| Problem details |
Output all of the data exactly as it appears, but leave out any pictures it contains.

| The data |
__________________________________________________
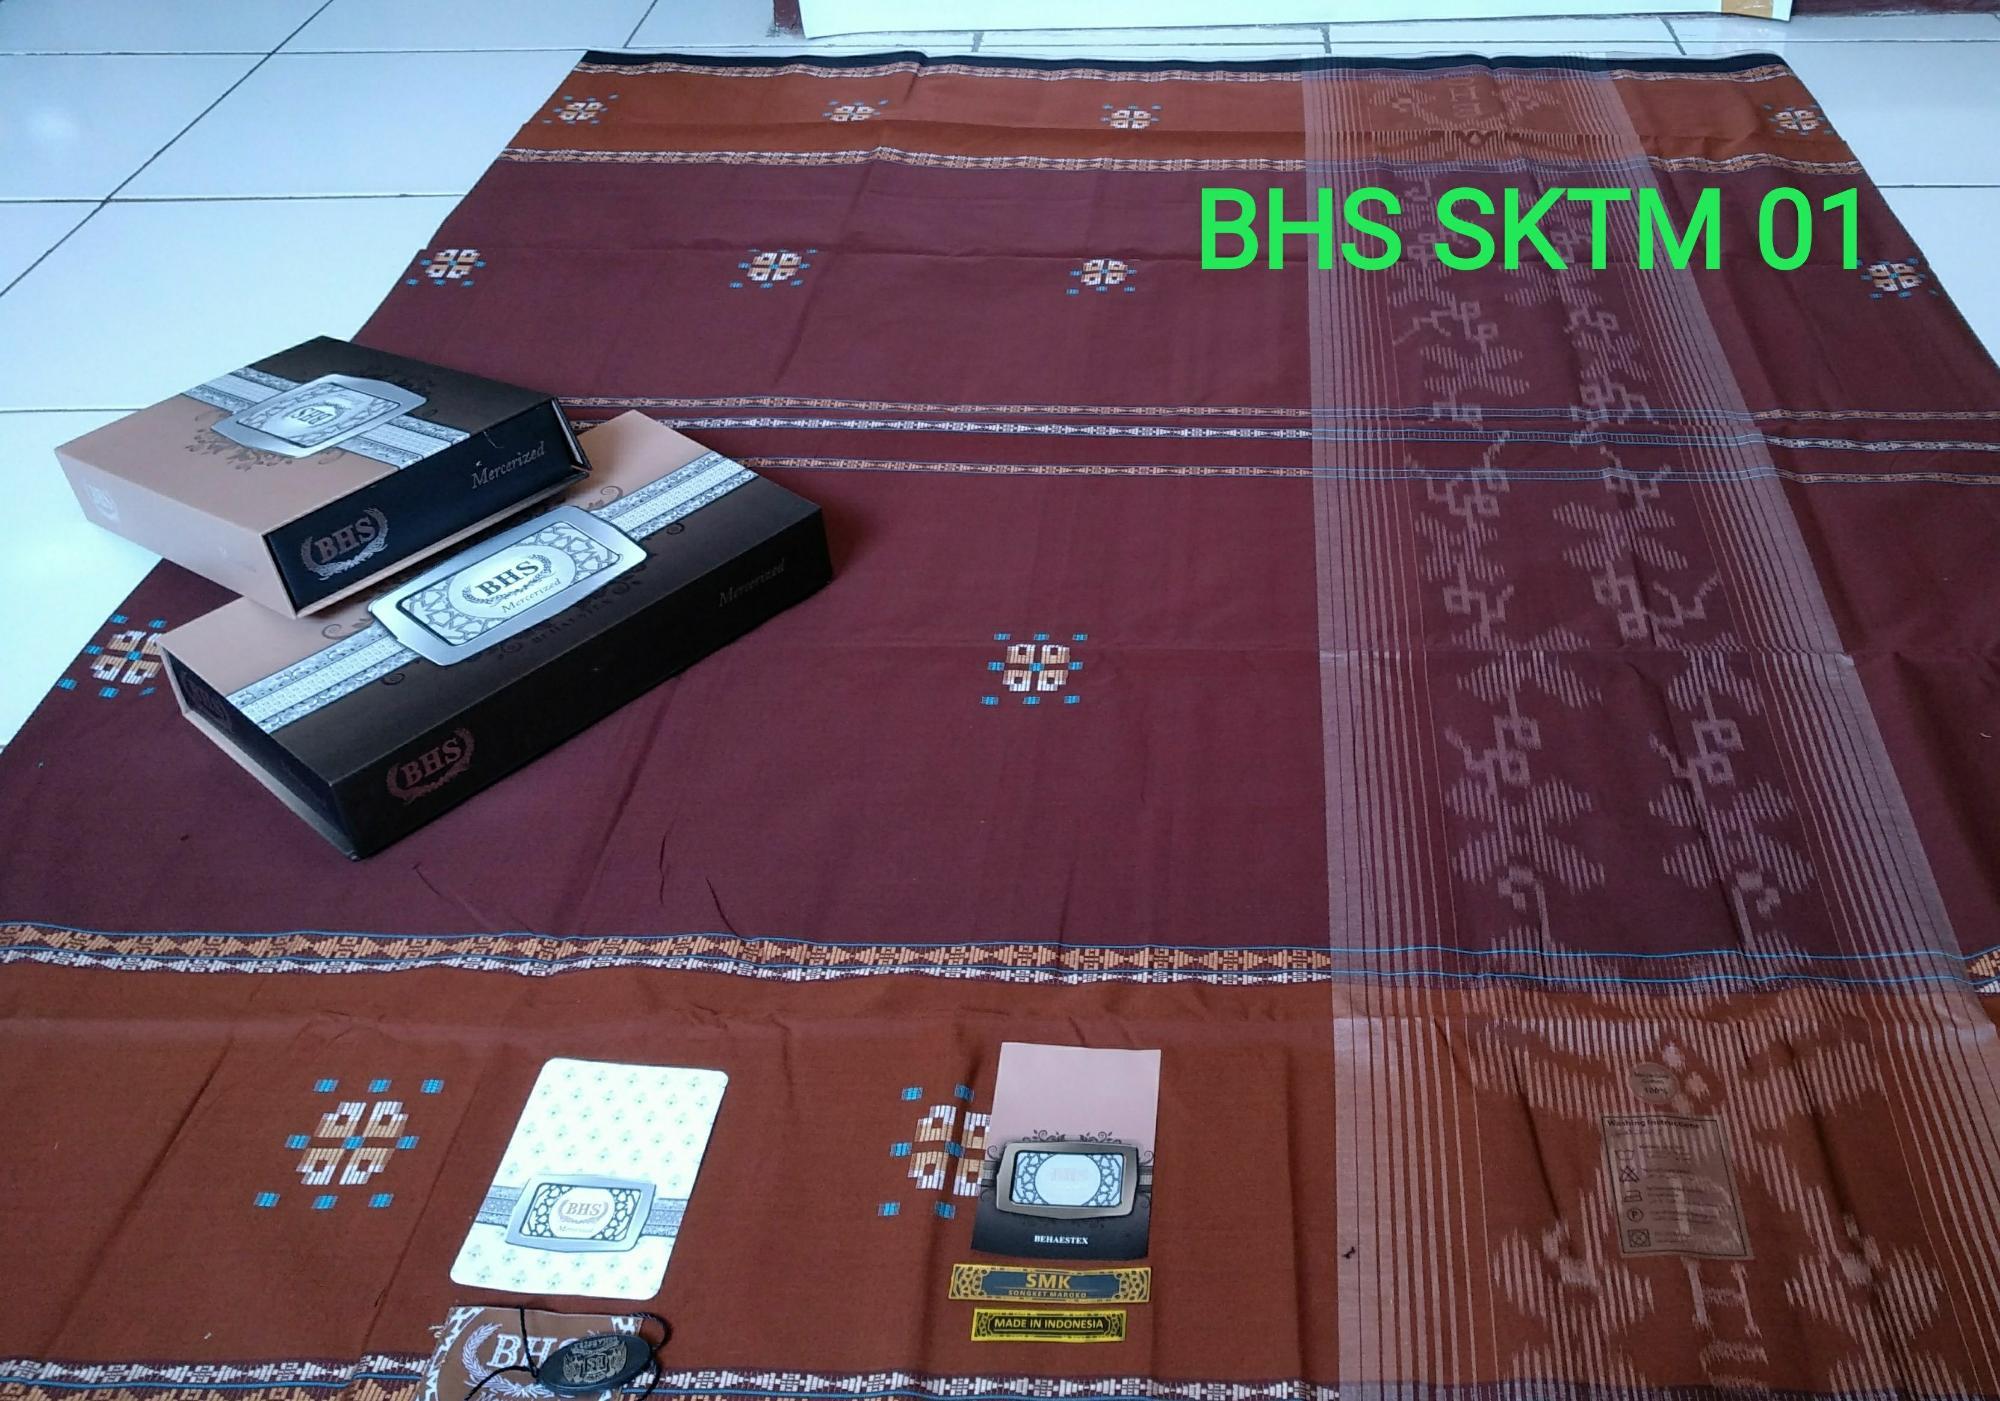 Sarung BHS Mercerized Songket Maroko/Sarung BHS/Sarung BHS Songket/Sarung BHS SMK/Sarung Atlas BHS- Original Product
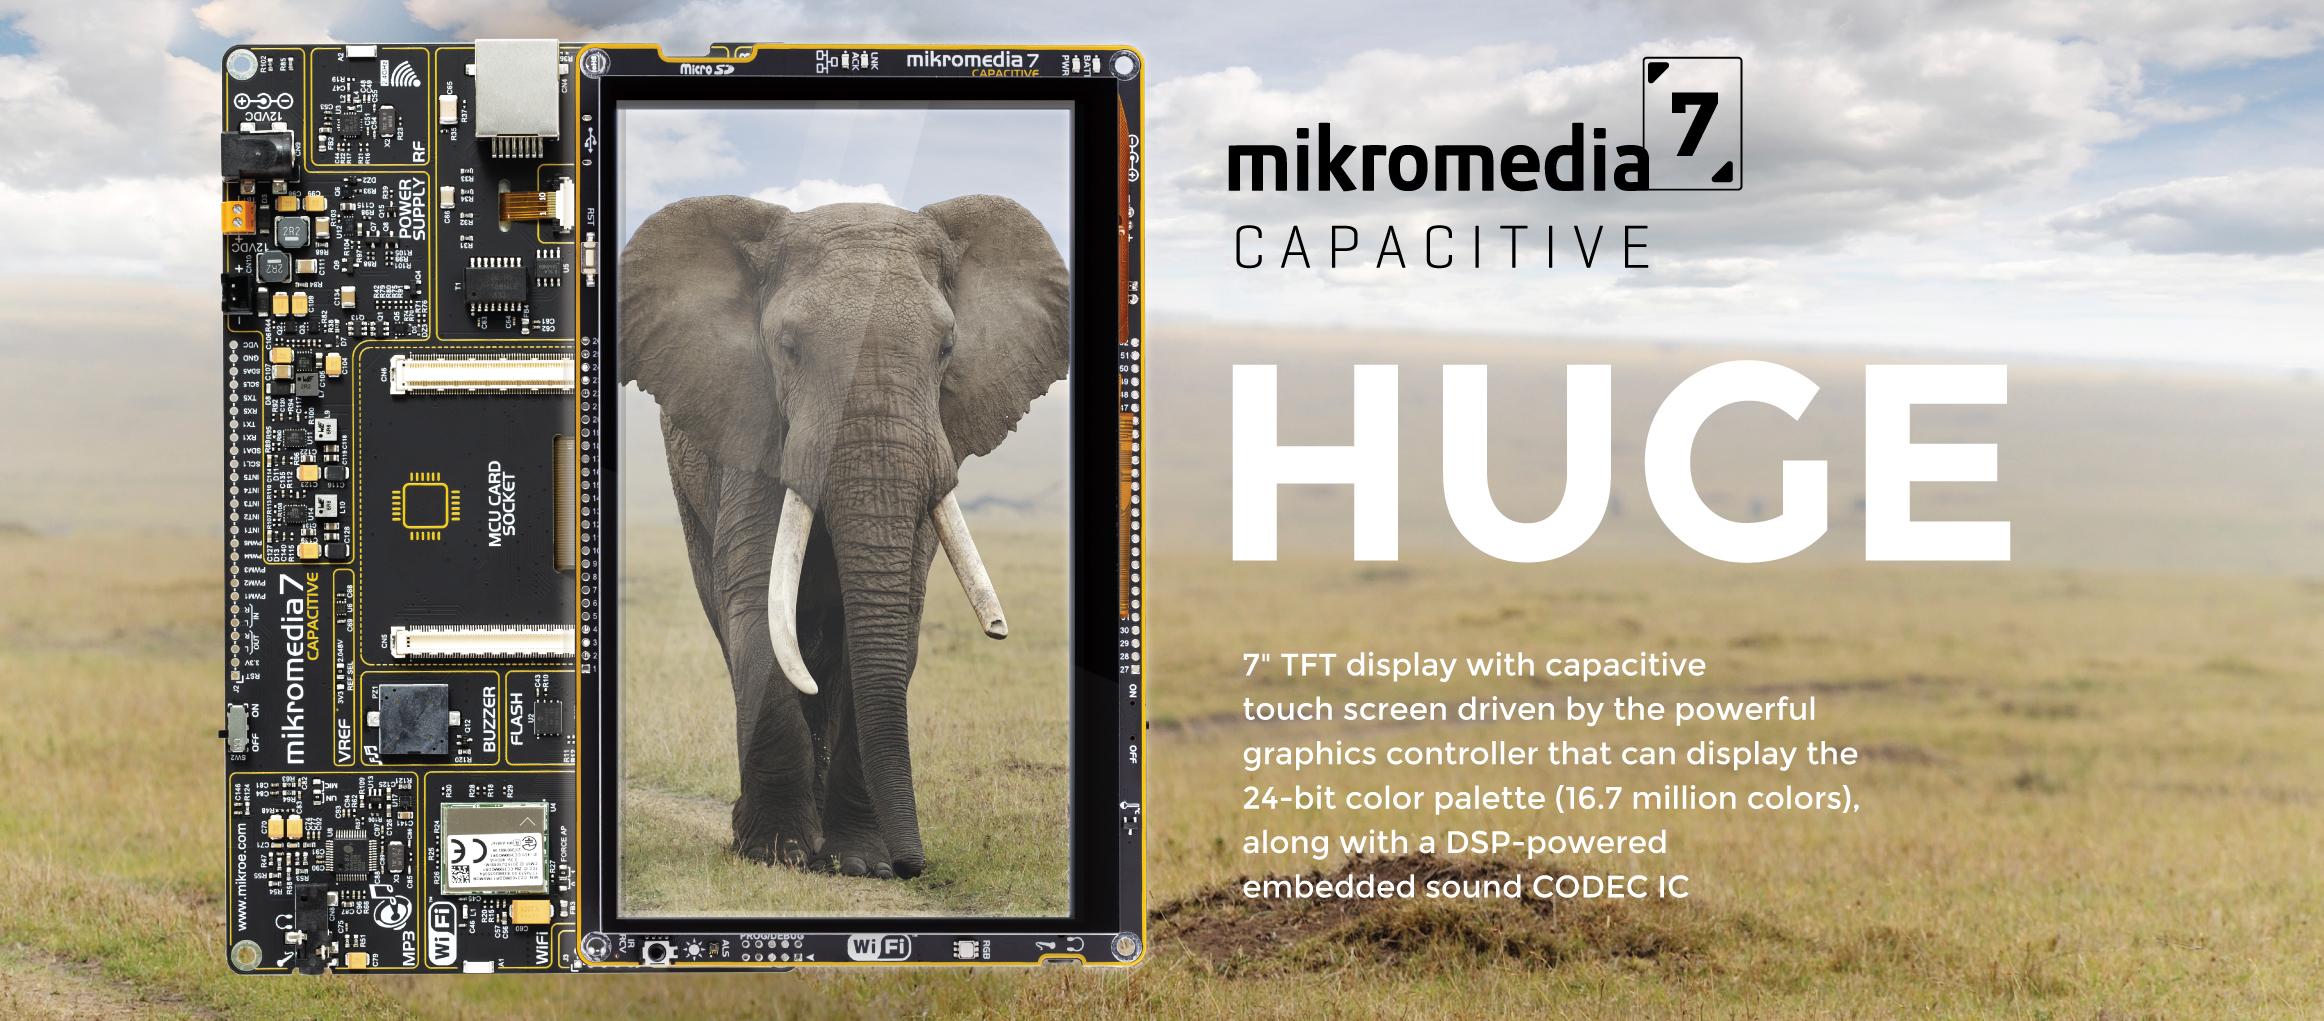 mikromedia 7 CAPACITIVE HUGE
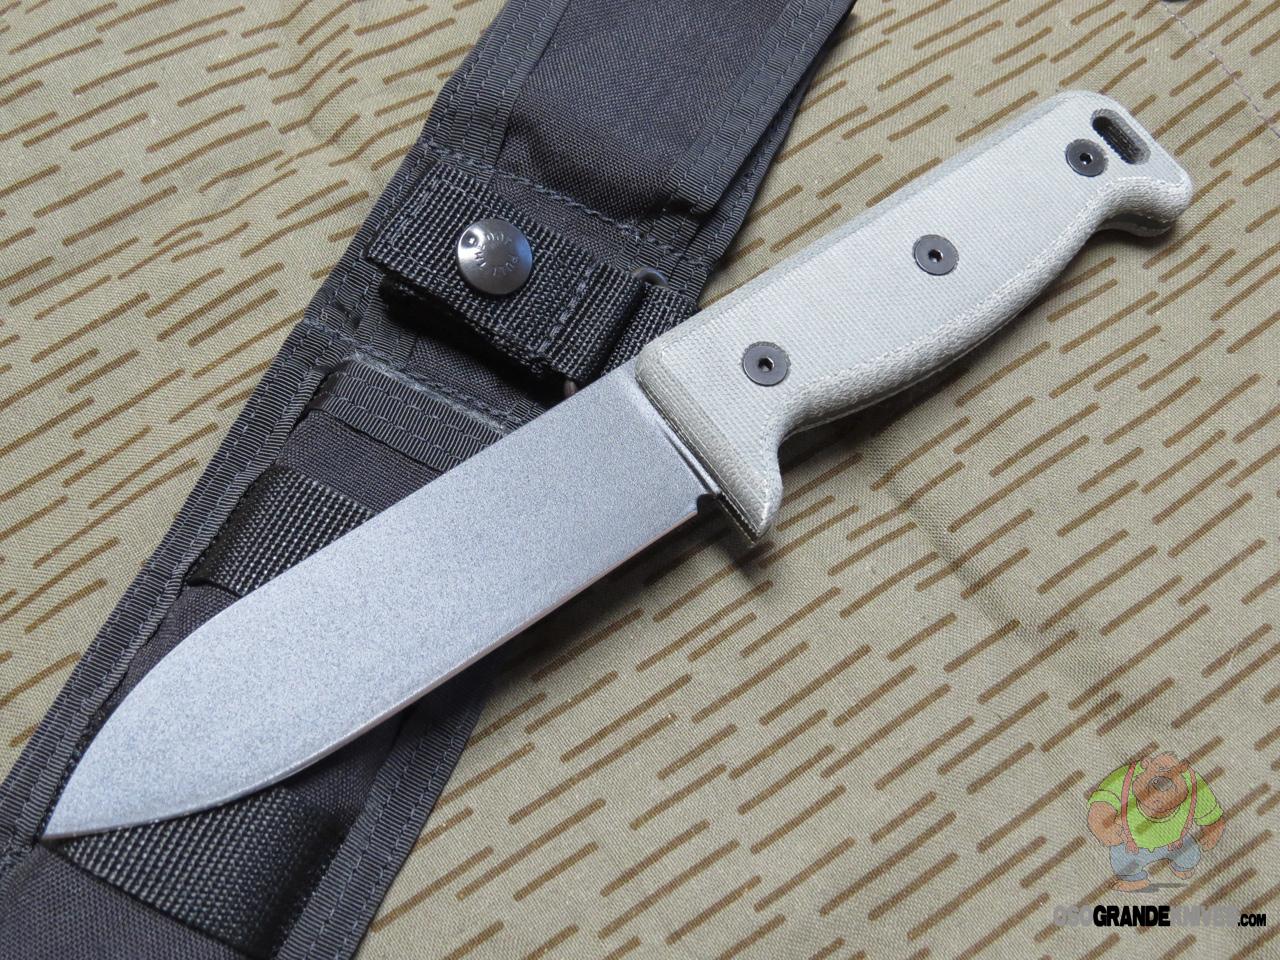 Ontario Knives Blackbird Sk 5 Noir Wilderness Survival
__________________________________________________
| Solution |
 Sarung BHS Mercerized Songket Maroko/Sarung BHS/Sarung BHS Songket/Sarung BHS SMK/Sarung Atlas BHS- Original Product
 mikromedia 7 CAPACITIVE HUGE
 Ontario Knives Blackbird Sk 5 Noir Wilderness Survival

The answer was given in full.